Also, data blocks obtained from a datanode can be corrupted, possibly caused by a Datanode storage device error, a network error, or a software bug. The HDFS client software implements a checksum (checksum) check of the contents of the HDFs file. When a new HDFs file is created, the checksum is computed for each chunk of the file, and officer is stored in the same HDFs namespace as a separate hidden file. When the client obtains the contents of the file, it verifies that the data obtained from Datanode matches the checksum in the corresponding checksum file, and if it does not match, the client can choose to get a copy of the block from the other datanode.

☆namenode Error

Fsimage and Editlog are the core data structures of HDFS. If these files are corrupted, the entire HDFs instance will be invalidated. Thus, Namenode can be configured to support the maintenance of multiple copies of Fsimage and Editlog. Any modifications to fsimage or Editlog will be synchronized to their copy. When Namenode restarts, it selects the most recent full fsimage and editlog to use.

Four Work flow for HDFs

Divided into write operations and read operations. Let's take a look at the write operation

The client has a Filea file to upload to HDFs. The copy factor for HDFs is 3.HDFS distributed on 3 racks.

Detailed Step Analysis

1.Client Filea Press the default block size (64M). Divided into two pieces, block1 and Block2;
2. Upload a file to the Namenode communication request Filea,namenode Check to see if the destination file already exists and the parent directory exists
3.namenode returns whether it can be uploaded
4.client request the first block1 to which Datanode server to transfer
5.namenode returns 3 Datanode servers
Block1:host1,host4,host5
6.client starts uploading the first block to Host1 (the data is first read from the disk into a local memory cache), in packet units.
After receiving the 7.HOST1, the first package is sent to Host4, and the client sends a second package to host1;
8.HOST4 receives the first package, sends it to HOST5 and receives the second package from Host1.
9. And so on, as shown in the red line of the figure, until the block1 is sent.
10.HOST1,HOST4,HOST5 sends a notification to Namenode,host1 to the client, saying "the message has been sent out." As shown in the Yellow line of the figure.
11.client receives the message from Host1, sends a message to Namenode, notifies the Block1 that the operation is complete. As shown in the Blue Line
12. When a block transfer is complete, client requests Namenode upload Block2 again.
13.namenode returns 3 Datanode servers
Block2:host3,host9,host8
14.client started uploading data to Host3,host9 and HOST8. Process with Block1.

2. Read operation

Detailed step analysis with Namenode communication query metadata, find the file block where the Datanode server pick a datanode (nearest principle, then random) server, request to establish a socket stream Datanode start sending data client to receive in packet unit, Cache locally and then write to the destination file

Five. Application Scenarios

☆HDFS provides high-throughput application data access capabilities for applications with large datasets, and here are some common scenarios.

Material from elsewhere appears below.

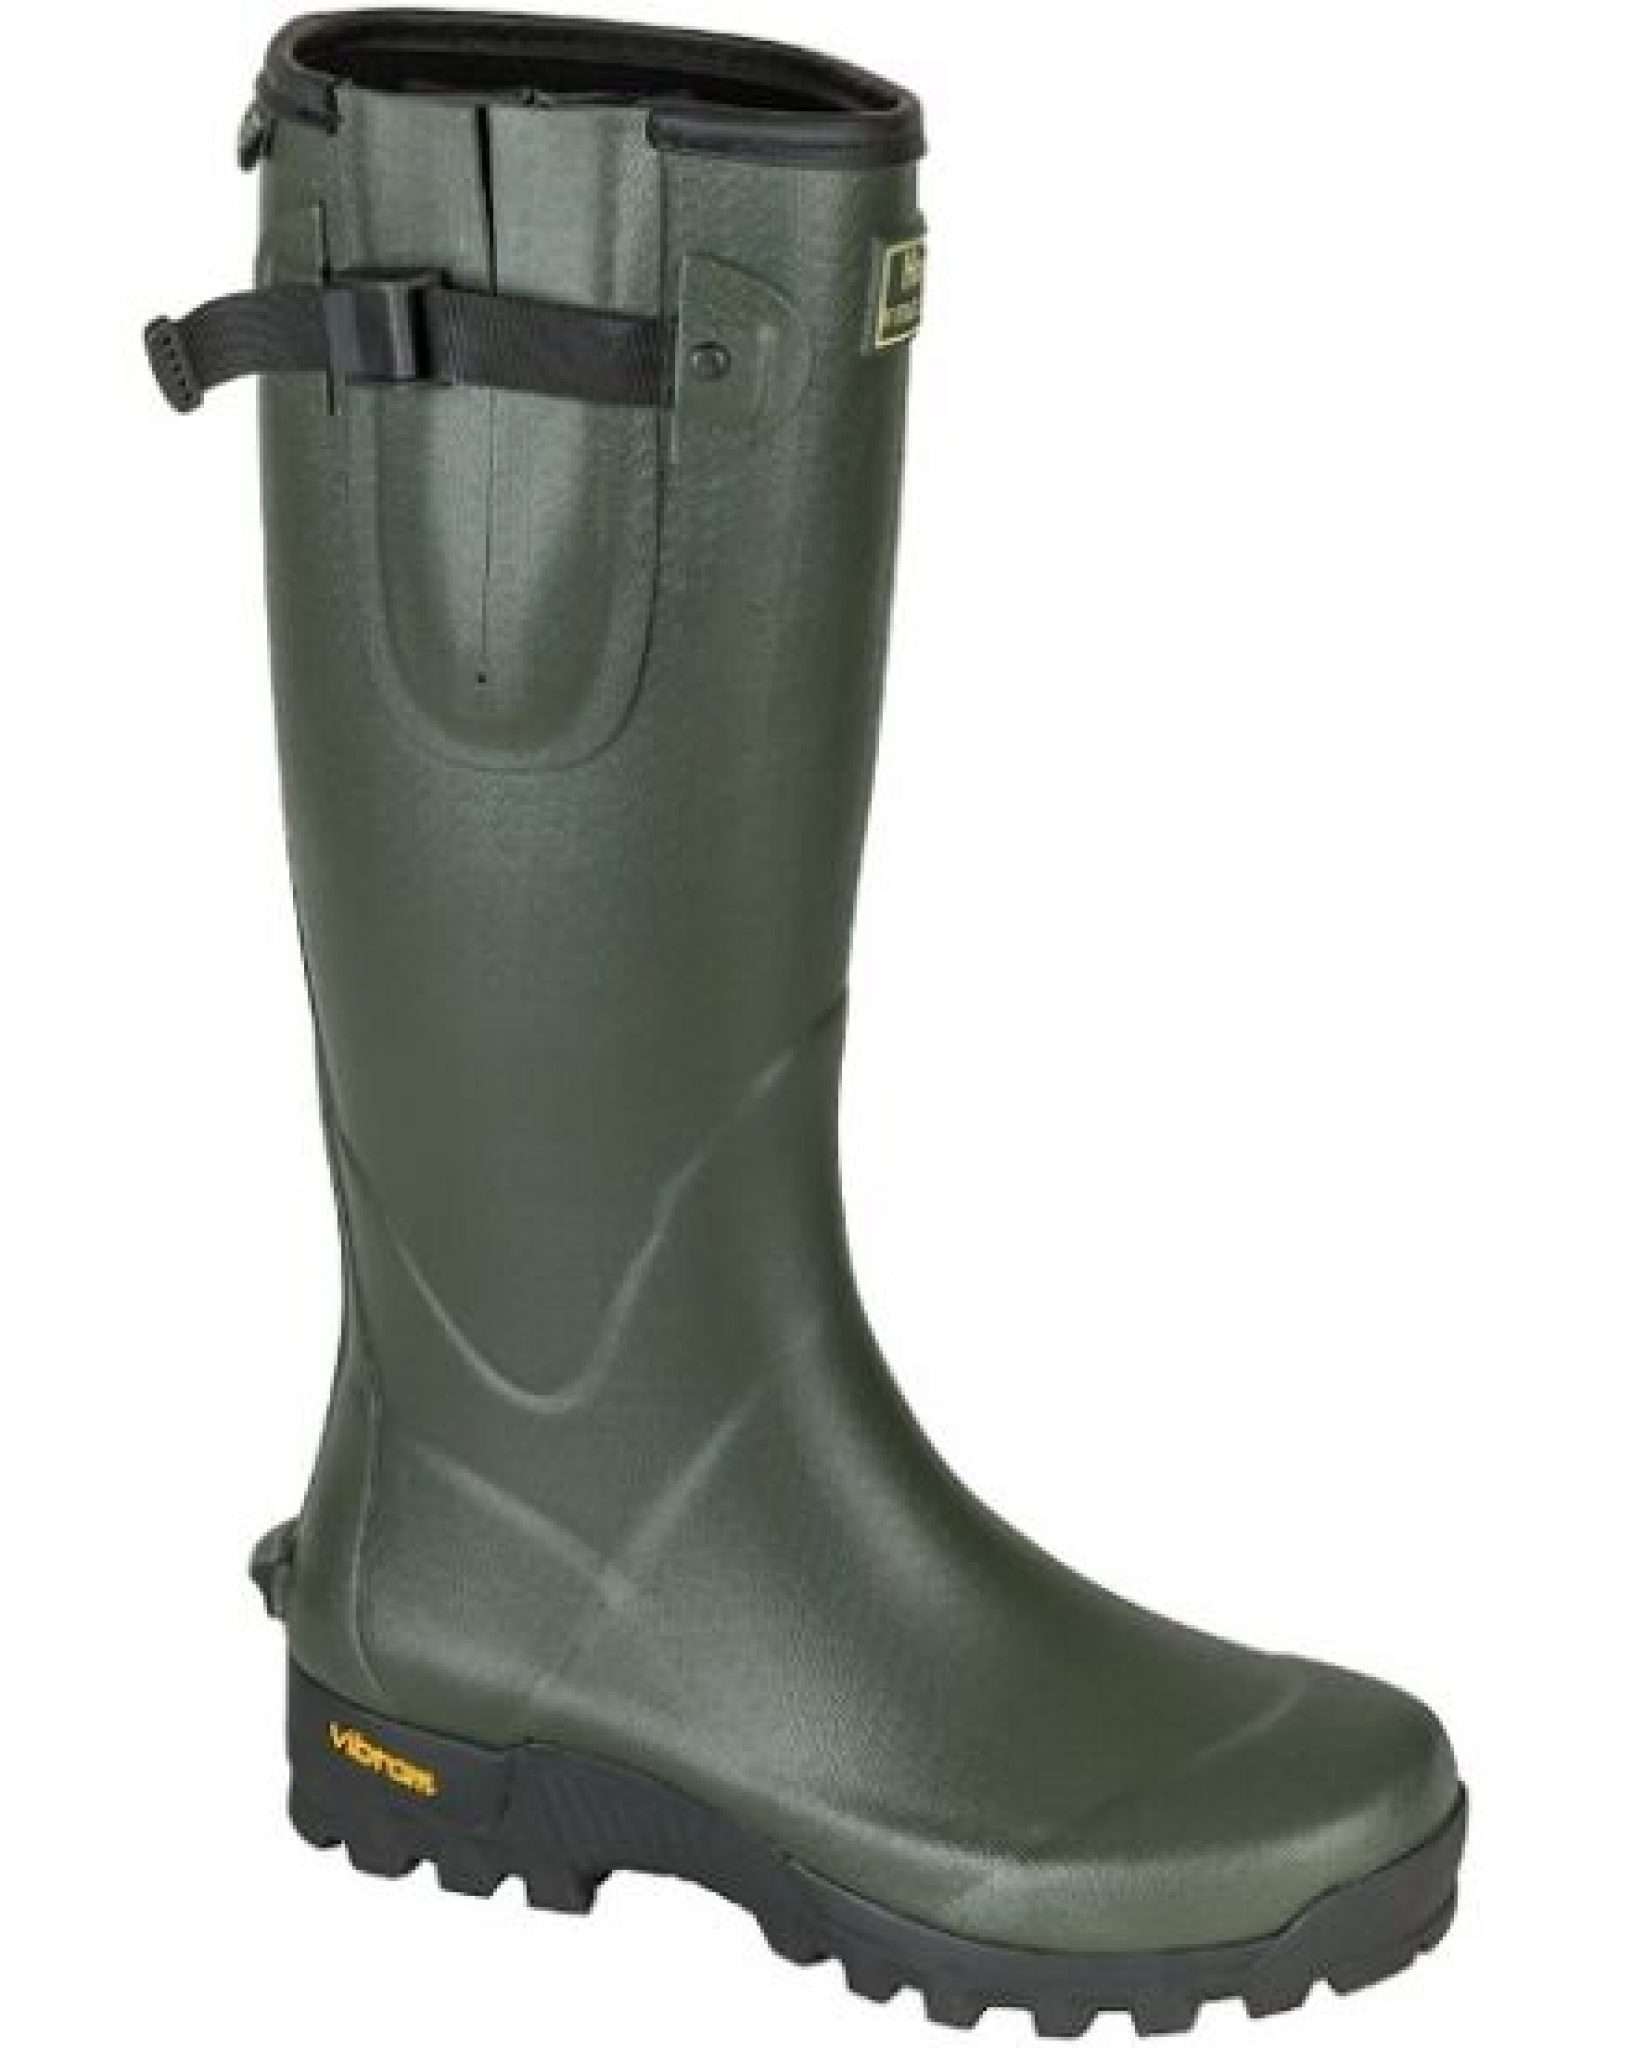 Best Wellington Boots for Walking - Our Top Hiking Welly Choices

1. Data-intensive Parallel computing: The amount of data is very large, but computing relatively simple parallel processing, such as large-scale web information search;

2. Compute-intensive parallel computing: The amount of data is relatively not large, but the calculation of more complex parallel computing, such as 3D modeling and rendering, weather forecasting and scientific calculation;

3. Data-dense and compute-dense hybrid parallel computing, such as 3D movie rendering.

☆hdfs has the following limitations during use:

1.HDFS is not suitable for storing large amounts of small files, because namenode the file system's metadata in memory, so the number of files stored is limited by the namenode memory size;

2.HDFS is suitable for high throughput, but not for low time delay access;

3. Streaming read, not suitable for multiple users to write a file (a file can only be written by one client), as well as arbitrary location write (not support random write); 4.HDFS is more suitable to write once, read multiple times of the application scenario.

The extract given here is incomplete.